## Problem details
Reproduce the listing exactly and skip over any pictures.

## Collected material
*** Begin section ***

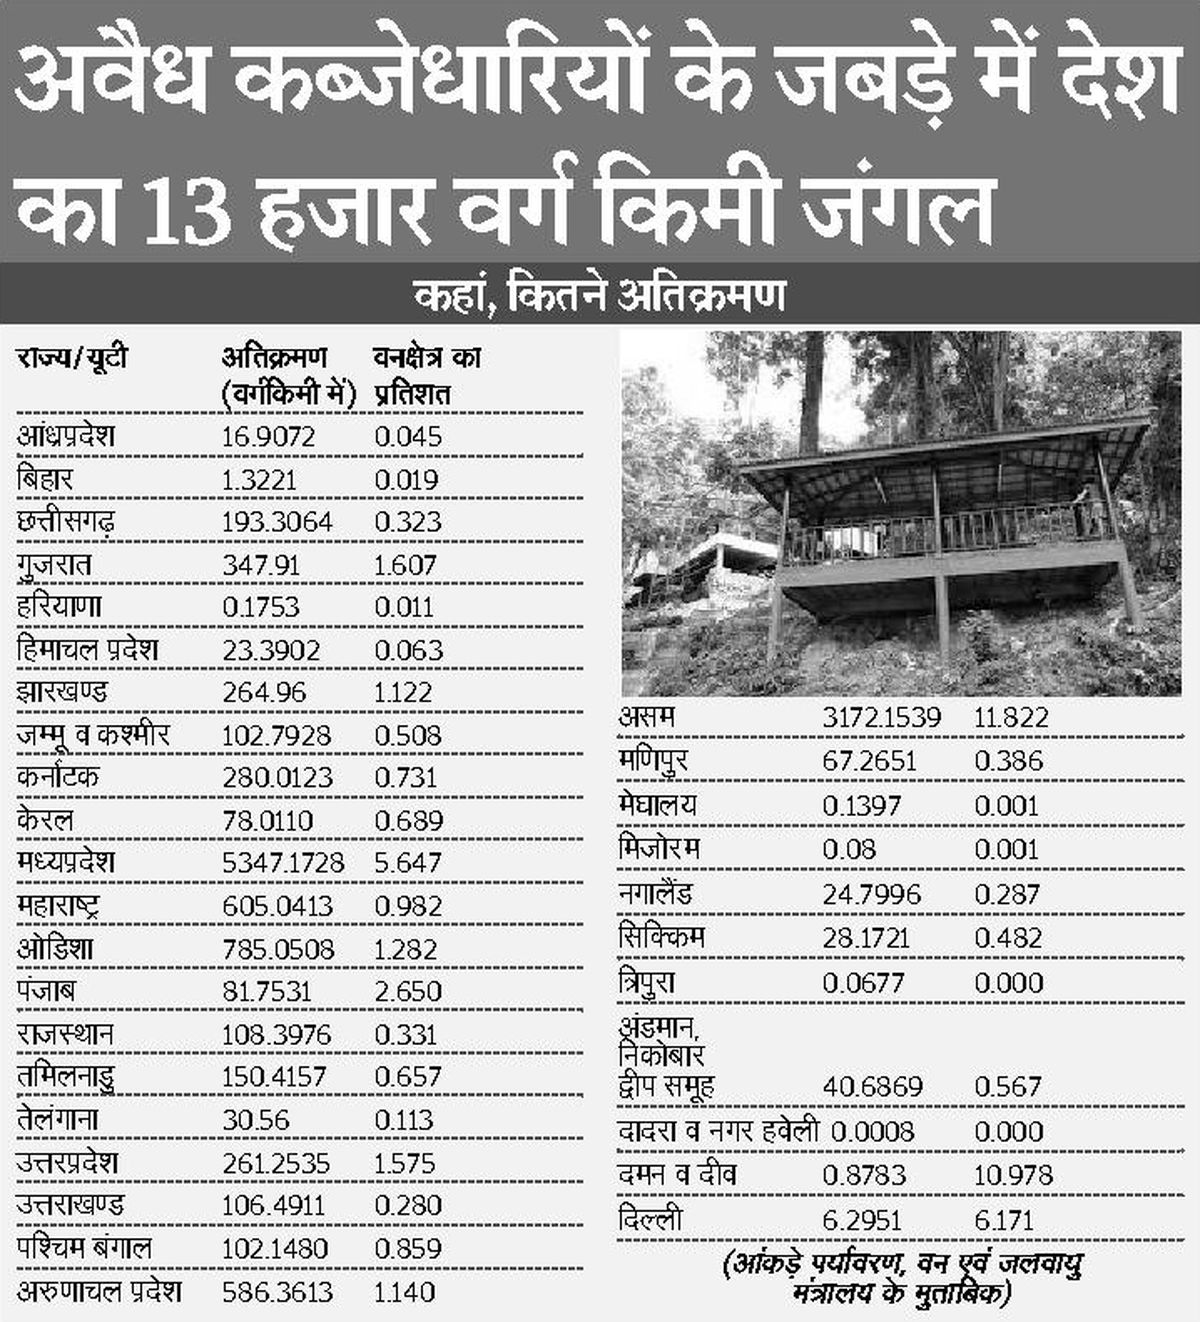 राजस्थान में 108 वर्ग किमी वनक्षेत्र में अवैध कब्जे
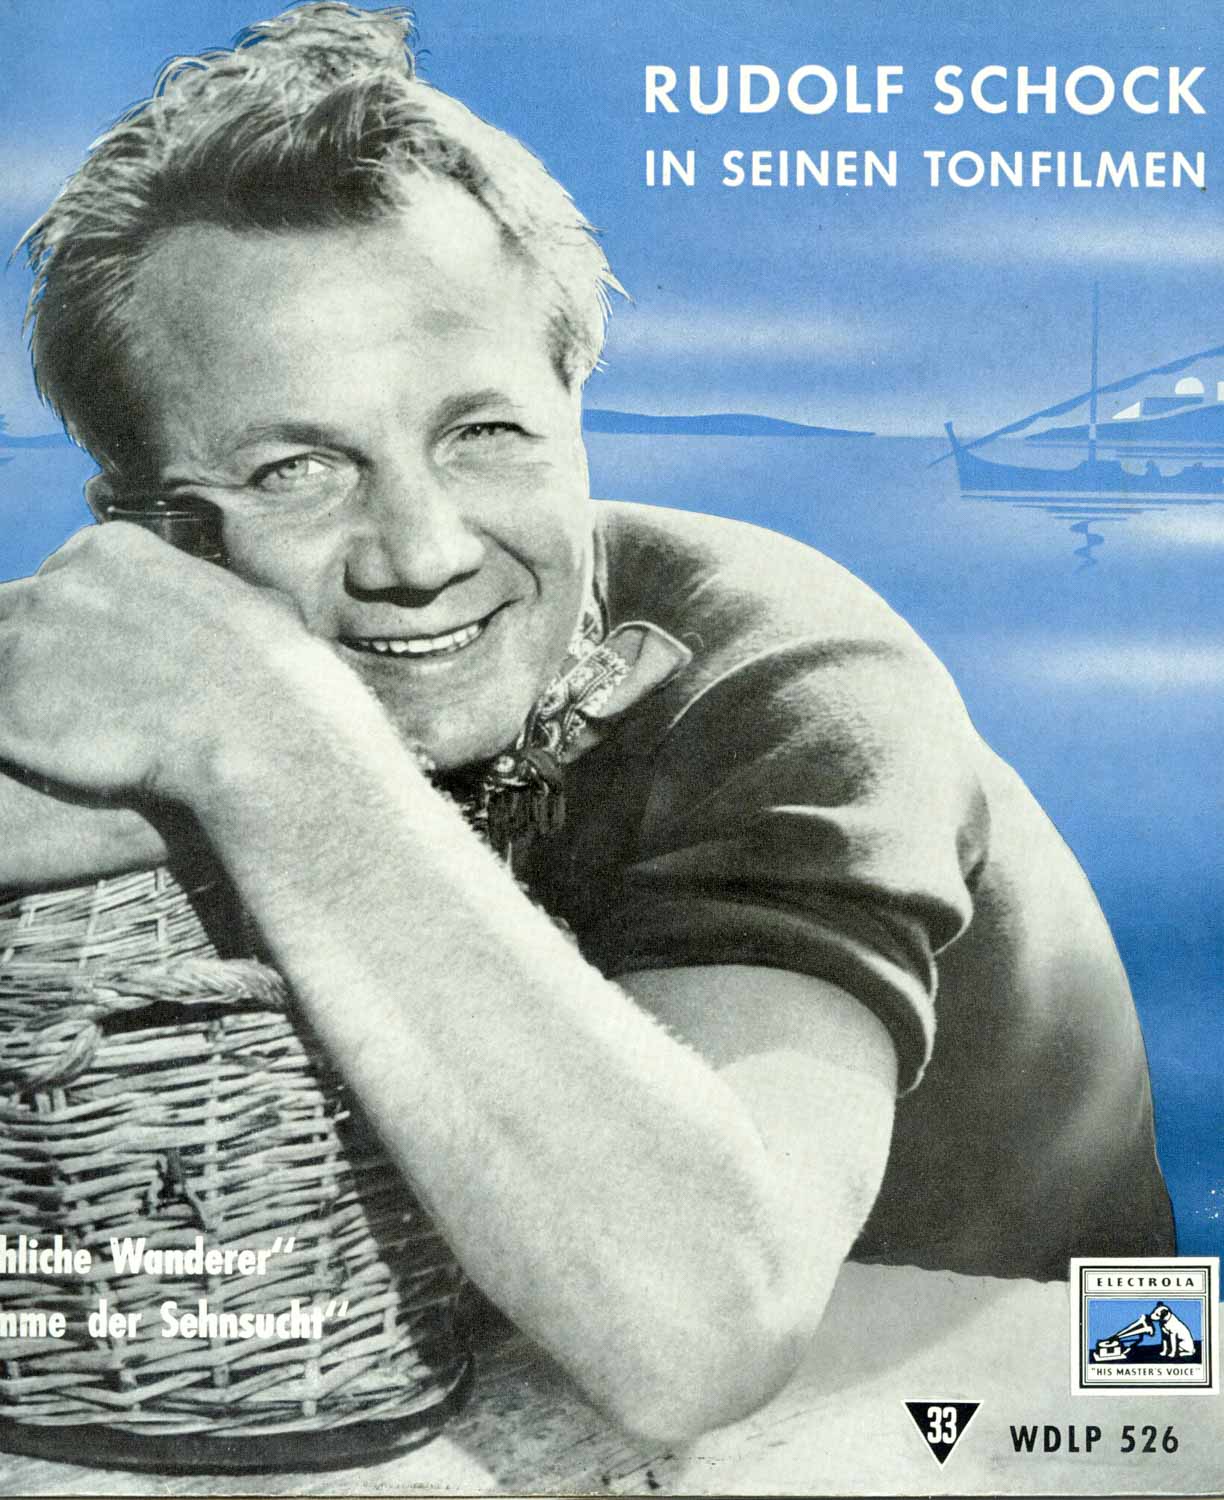 Rudolf Schock  Rudolf Schock in seinen Tonfilmen (WDLP 526)  *LP 10'' (Vinyl)*. 
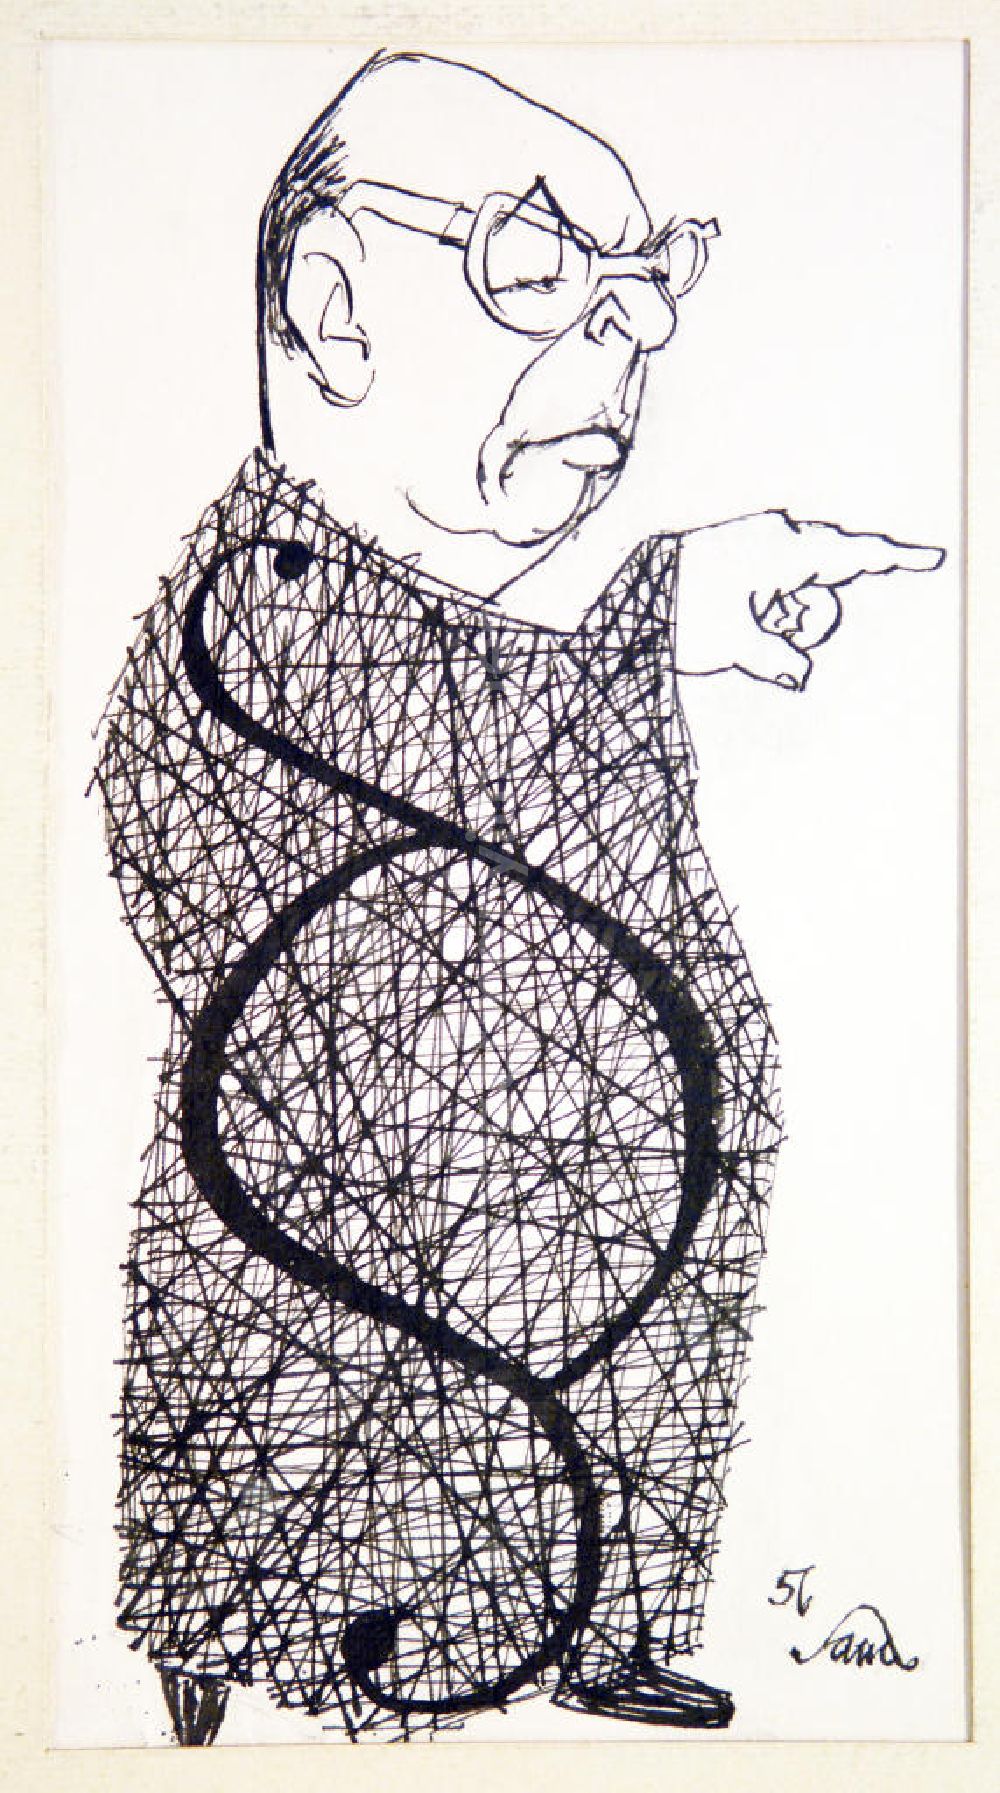 Berlin: Zeichnung von Herbert Sandberg Dr. Kaul, Rechtsanwalt aus dem Jahr 1956, 15,8x29,5cm Feder in schwarz, handsigniert. Dr. Kaul in Robe, auf der Robe das Paragraphenzeichen, er zeigt mit seinem linken Zeigefinger nach vorne.
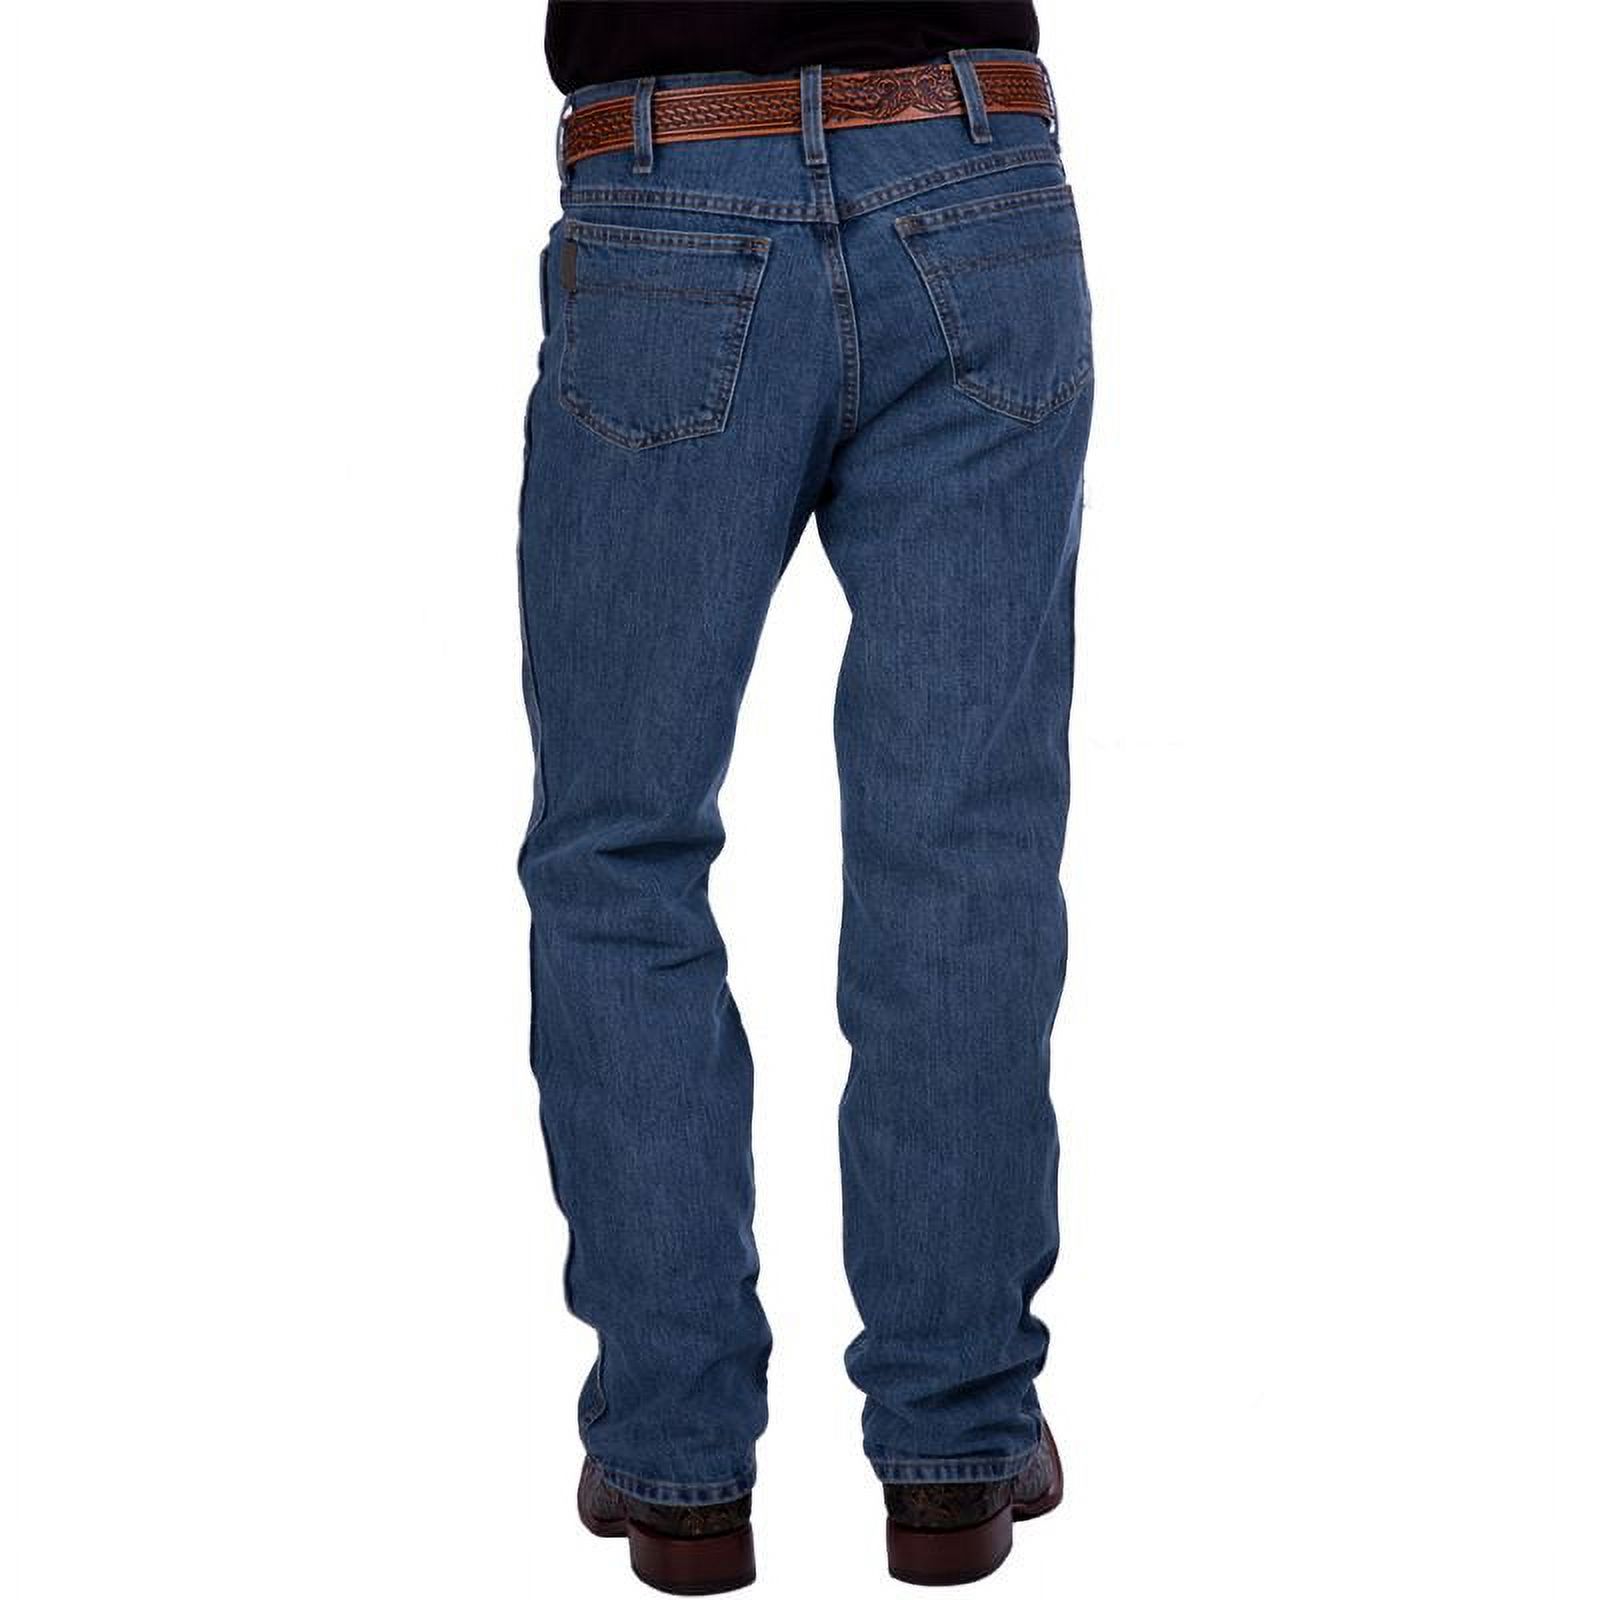 Cinch Western Denim Jeans Mens Bronze Label Slim Med Stone MB90532001 - image 1 of 3

*** End section ***

## Solution to this task
 राजस्थान में 108 वर्ग किमी वनक्षेत्र में अवैध कब्जे
 Rudolf Schock  Rudolf Schock in seinen Tonfilmen (WDLP 526)  *LP 10'' (Vinyl)*. 
 Berlin: Zeichnung von Herbert Sandberg Dr. Kaul, Rechtsanwalt aus dem Jahr 1956, 15,8x29,5cm Feder in schwarz, handsigniert. Dr. Kaul in Robe, auf der Robe das Paragraphenzeichen, er zeigt mit seinem linken Zeigefinger nach vorne.
 Cinch Western Denim Jeans Mens Bronze Label Slim Med Stone MB90532001 - image 1 of 3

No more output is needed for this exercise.